Wednesday, July 9, 2014

Who was Sandwich?

John Montagu, Earl of Sandwich
Anyone who would see two or more bread piled together with something in between will call it a sandwich. Sandwiches has a simple concept. It simplicity made it even a stone age man could do. By why would it be called a sandwich? In fact, it was named after a person. Then, from whom did sandwich took its name?

Sandwich was named after a British aristocrat. John Montagu was the Fourth Earl of Sandwich. He lived from 1718 up to 1792. He was man very active in government affairs. In a young age of 21, he entered the House of Lords. Then he served as the First Lord of Admiralty in 1748 and held it until 1751. He would later take the same post again twice: in 1763 and 1771-1782 (during the American Revolution).  He also took the post of Secretary of State for the Northern Department twice also, first in 1763-1765, and second in 1770-1771. The Earl also took the appointment of Postmaster General in 1768-1770. It was from him that James Cook named the Sandwich Islands. Most importantly, it was from title of this man of distinction that the name of sandwich was derived.

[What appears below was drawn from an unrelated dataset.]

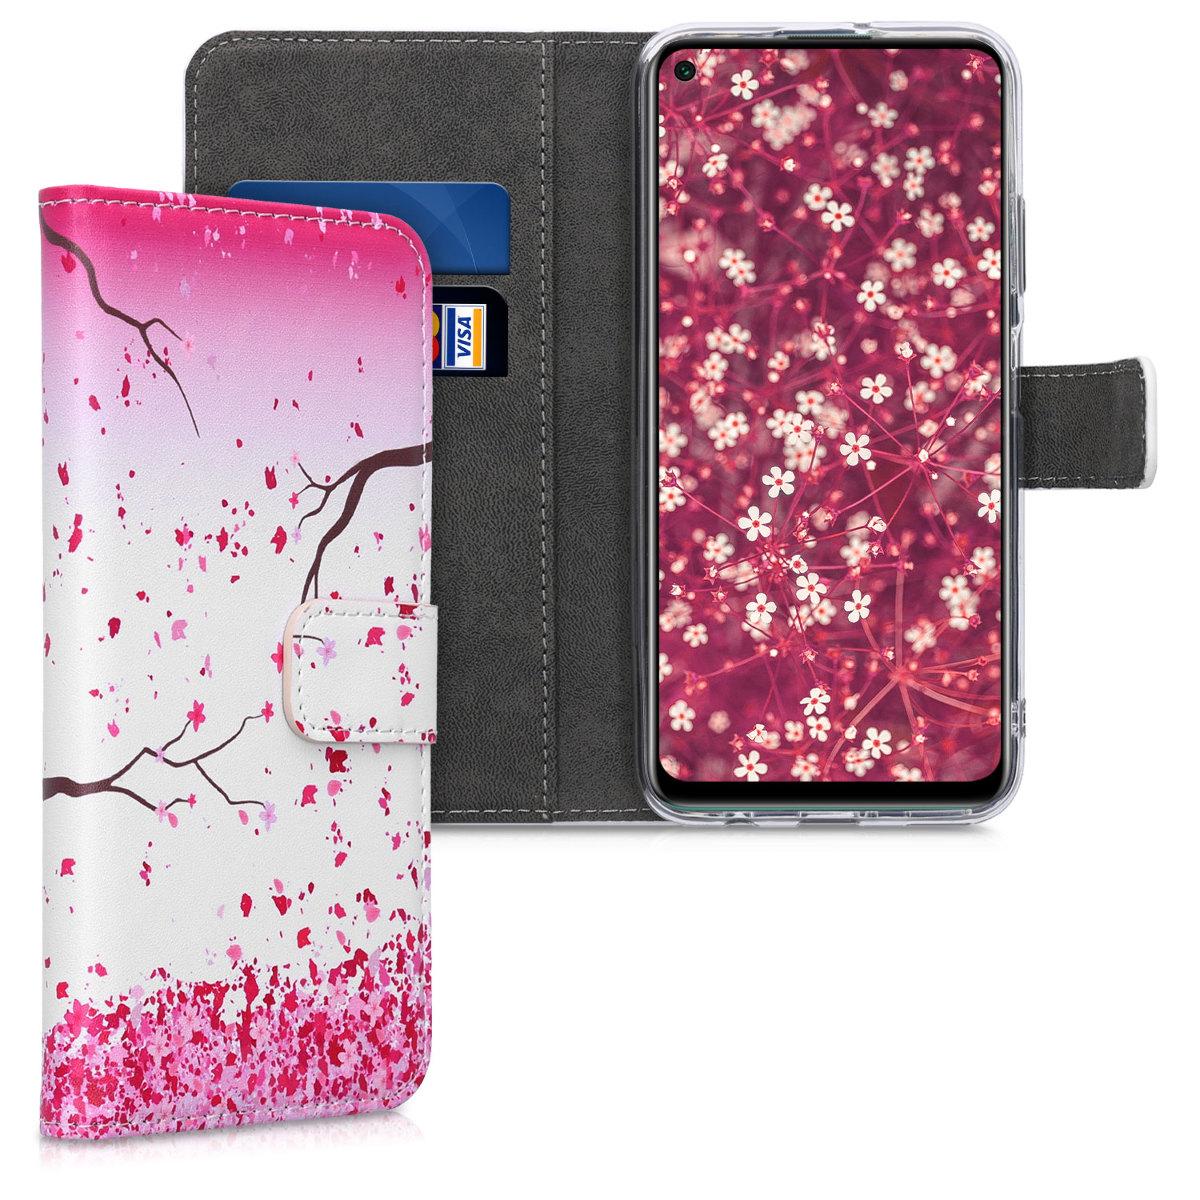 Růžové kožené pouzdro / obal peněženka s třešňovými květy pro Huawei P40 Lite

The next question was how this man’s title became attached to one of the most ingenious but simple treat in the world. The first mention of sandwich came from the book of Pierre-Jean Grosley, Tour of London or Londres, published in 1770. Grosley’s book stated that the story of the name sandwich came from the journal of Edward Gibbon, the author of History of Rome. According to Gibbon’s journal, he was dinning in Cocoa Tree and men ate cold meat and a “sandwich.”

The men got the practice of a meat between two slices of bread from habits of the Earl of Sandwich. The incident was said to have happened in 1762. The Earl of Sandwich was not just a distinguished government official, but also an infamous gambler. The Earl had strong impulse towards card games. He would invite friends to stay throughout the day and night and play cards. He was so addicted to card games he did not wanted to be bother by eating. He did not like using utensils to eat because it would disrupt his game. And so, the Earl began to order his servant to place a slice of meat between two pieces of bread. It was much faster, cleaner, and easier. In addition, his fun won’t be bother by dinning. He could continue to play and only needed his hands to eat his meals.

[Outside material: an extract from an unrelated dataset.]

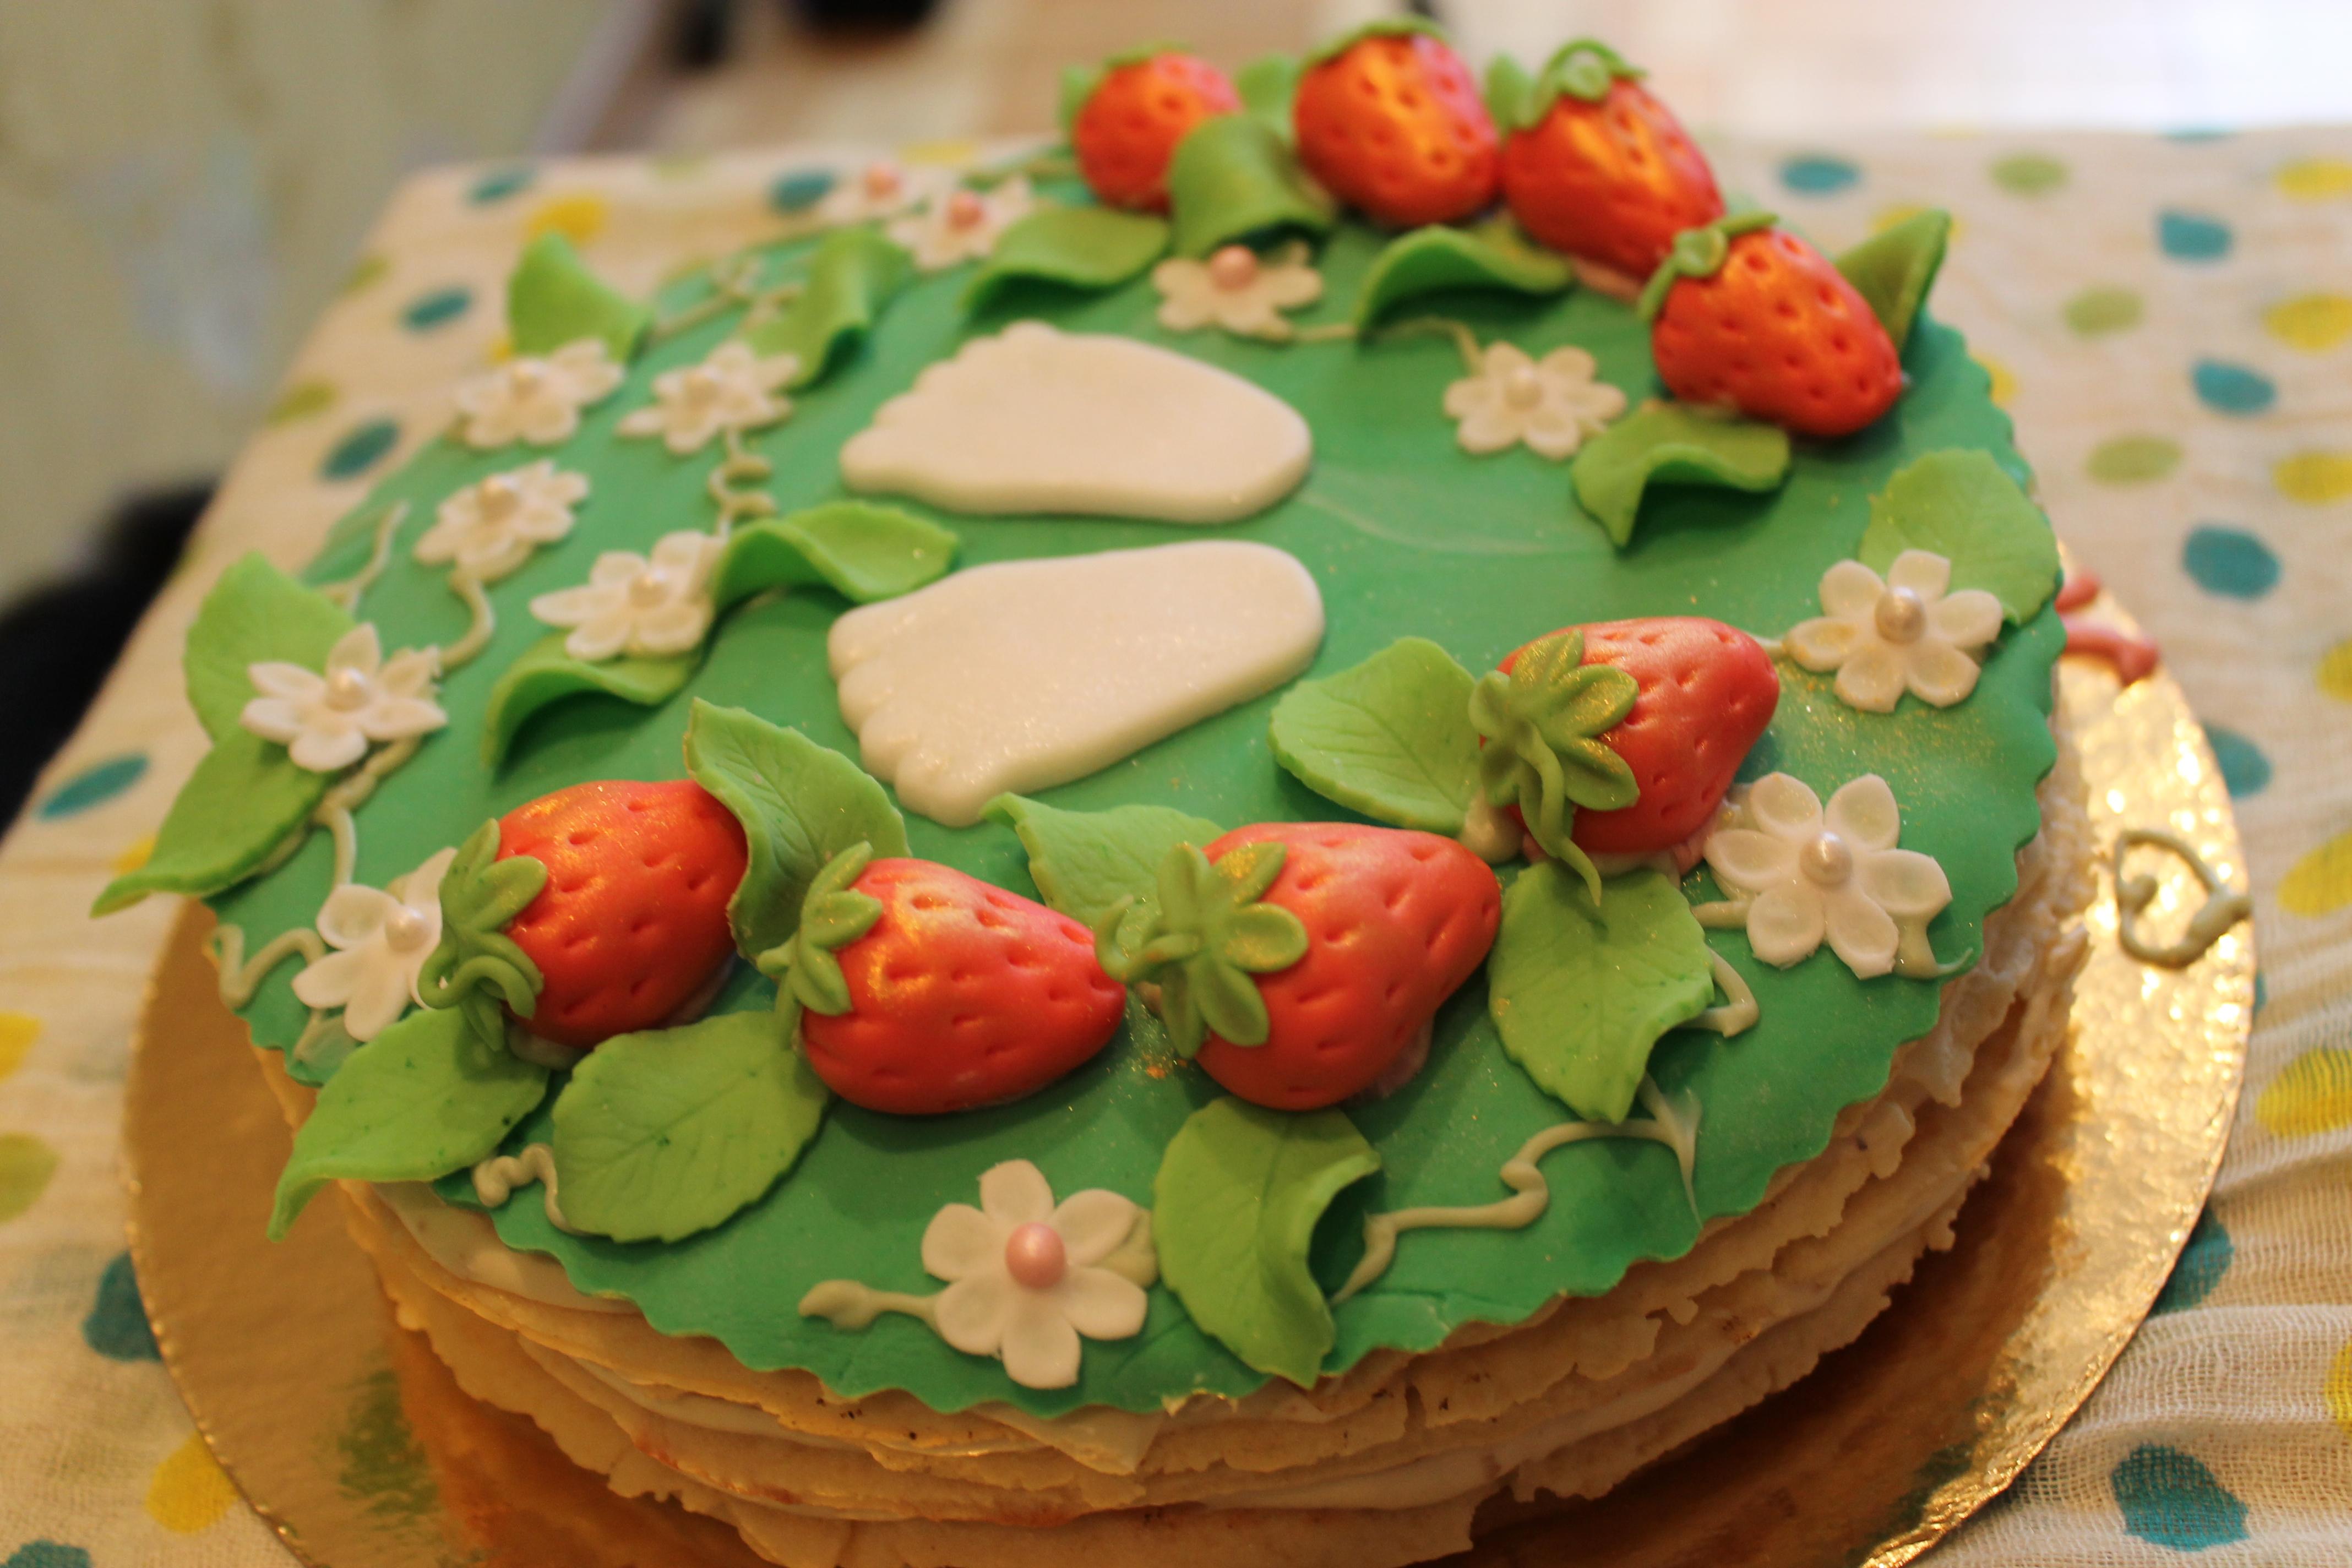 Быстрый тортик на годовасие крестницы)))

Eventually, talks about the practice of the Earl spread. Men who would eat in the streets of London would emulate the Earls practice and named it after him. When Grosley’s work was published, the name of sandwich got stuck to the meal. Later on, by the 1770’s, the name sandwich was becoming widely use throughout Europe.

It was from a man with great track record that a simple act of eating two or more slices of bread with something in between was named. John Montagu, The Earl of Sandwich, not just the man here Sandwich Island, later the Hawaiian Island, but the man we would always remembered for a nice no-utensil, and hassle-free treat. 

Boone, J. Around the World of Food: Adventures in Culinary History. Nebraska: iUniverse, 2006.

Hayes, D. & R. Laudan (eds.). Food and Nutrition: Phytonutrients to Soul Food. New York: Marshall Cavendish, 2009.

Newman, G. (ed.). Britain in the Hanoverian Age, 1714 - 1837: An Encyclopedia. New York: Garland Pub., 1997.

Wilson, B. Sandwich: A Global History. London: Reaktion Books, Ltd., 2010.